Aim of the task: Look through the listing below for the line containing "MAGNETI MARELLI Heckleuchte". Copy it and each line after it up to and including the line containing "Vestido Feminino Jeans", exactly, leaving out pictures.

Excerpted records:
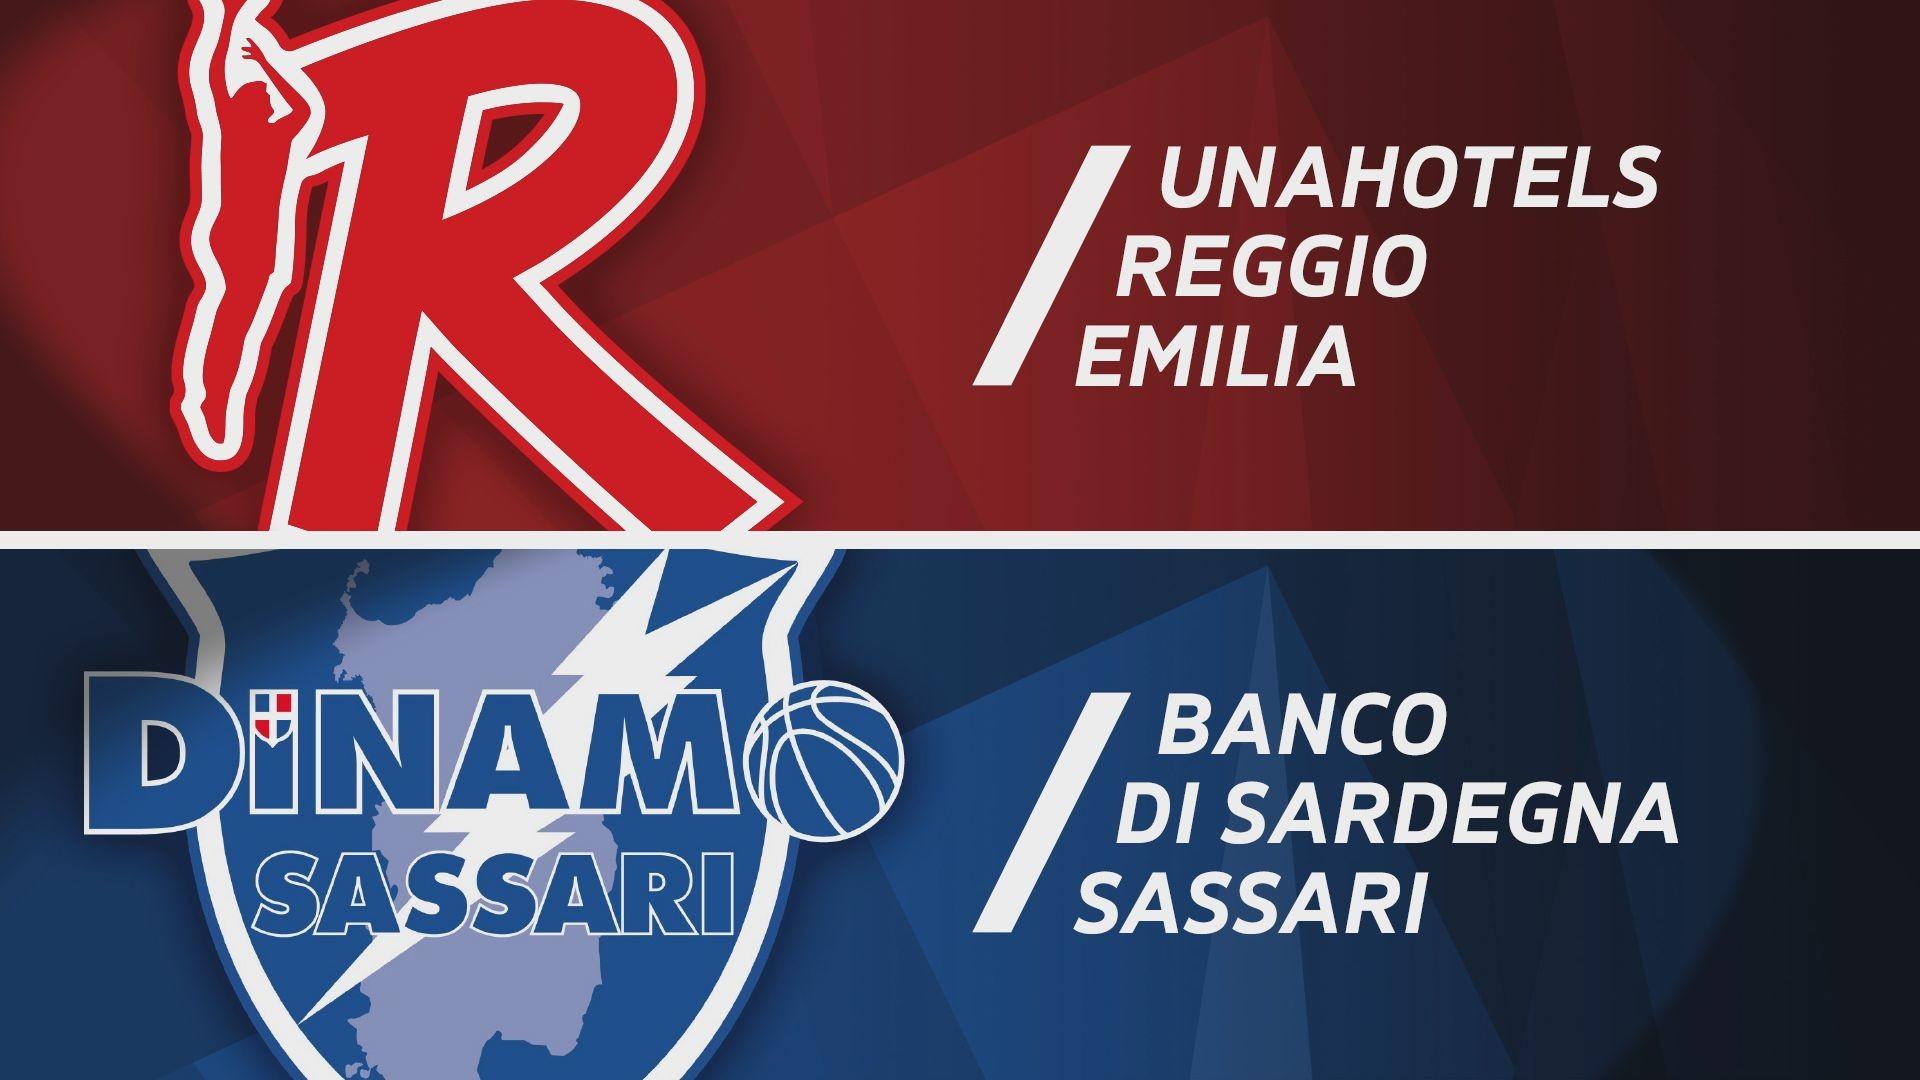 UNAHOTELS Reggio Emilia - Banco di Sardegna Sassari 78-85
* * *
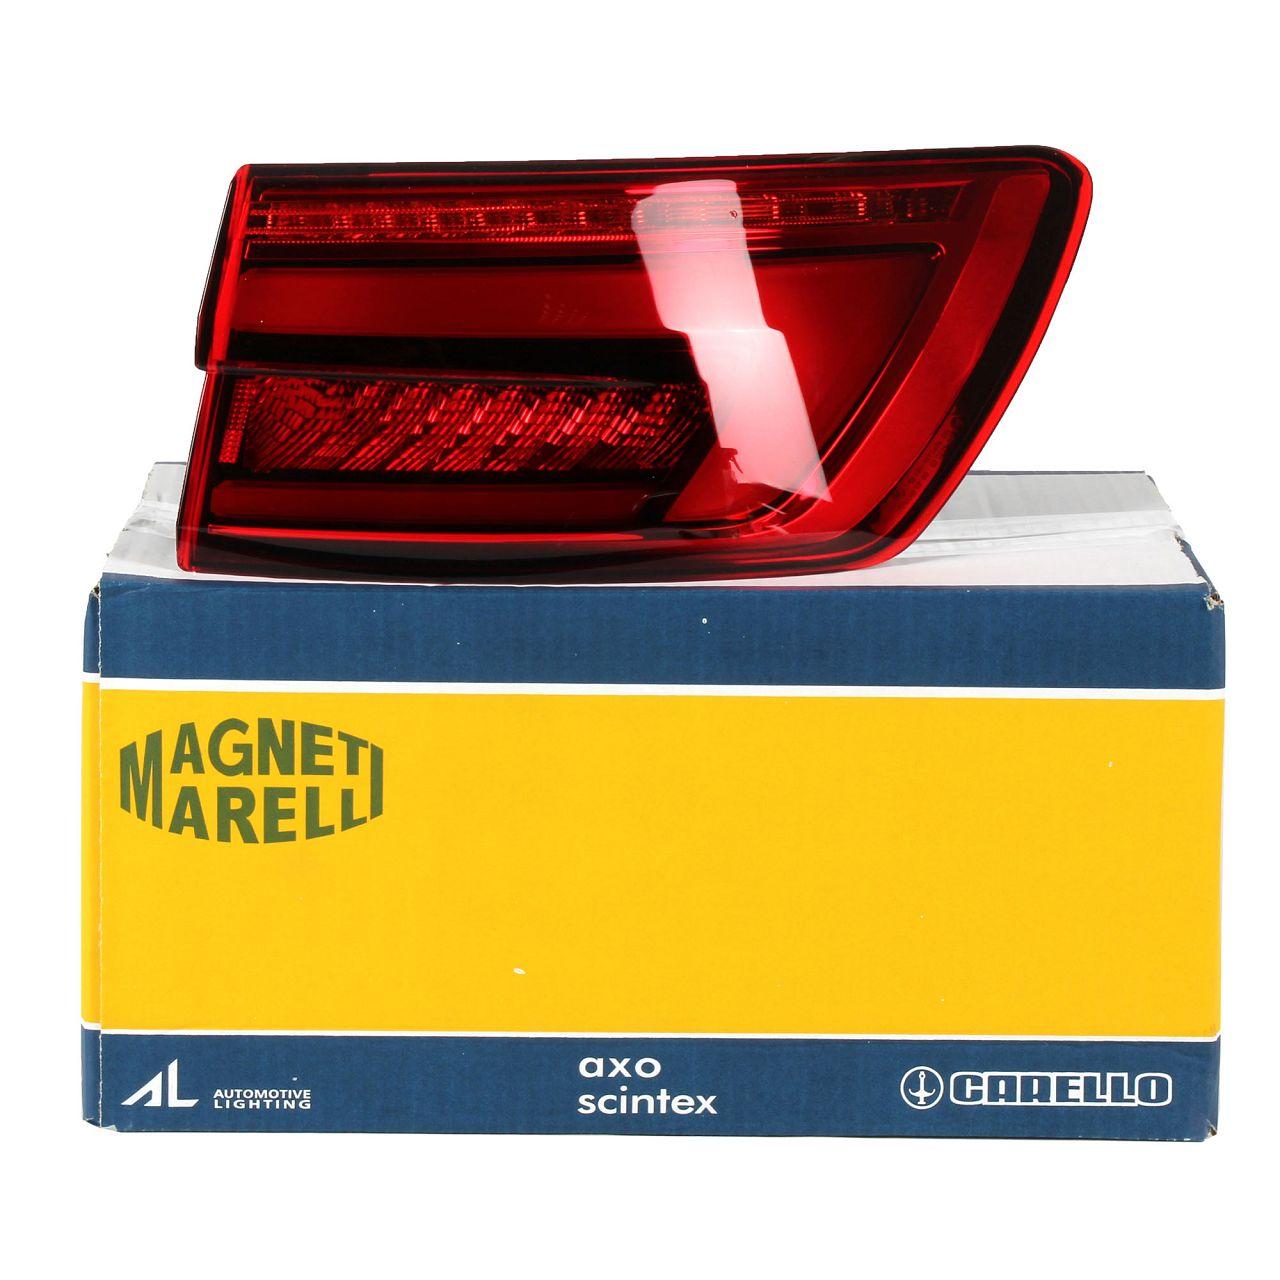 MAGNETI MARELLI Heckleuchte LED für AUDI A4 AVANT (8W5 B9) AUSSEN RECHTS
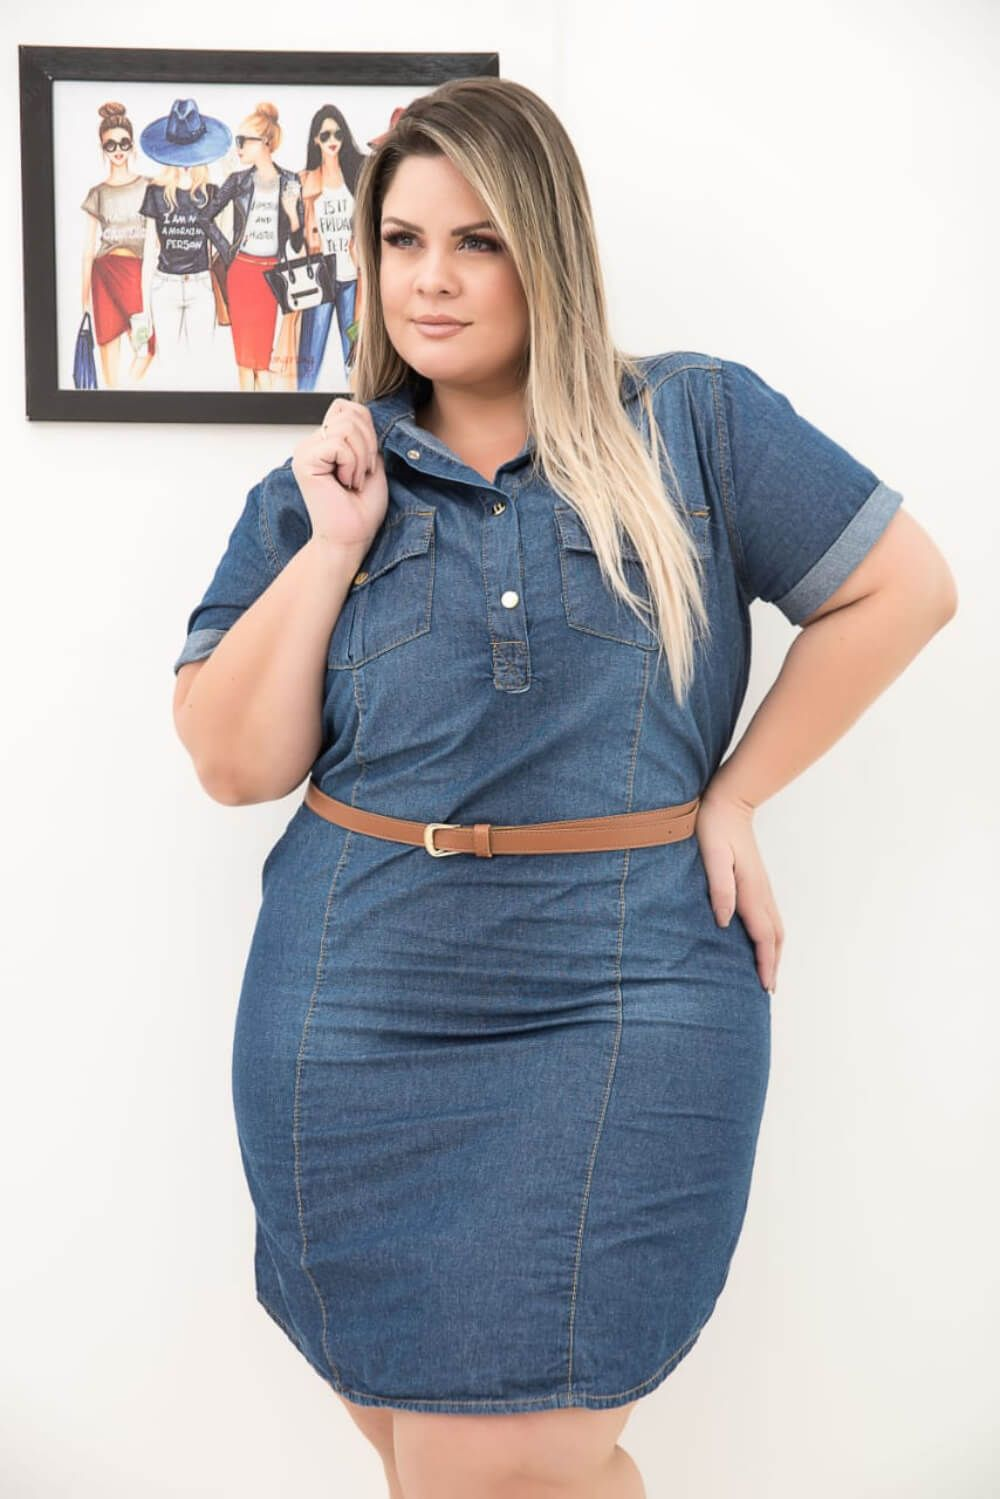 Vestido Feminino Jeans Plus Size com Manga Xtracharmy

Solution to this problem:
 MAGNETI MARELLI Heckleuchte LED für AUDI A4 AVANT (8W5 B9) AUSSEN RECHTS
 Vestido Feminino Jeans Plus Size com Manga Xtracharmy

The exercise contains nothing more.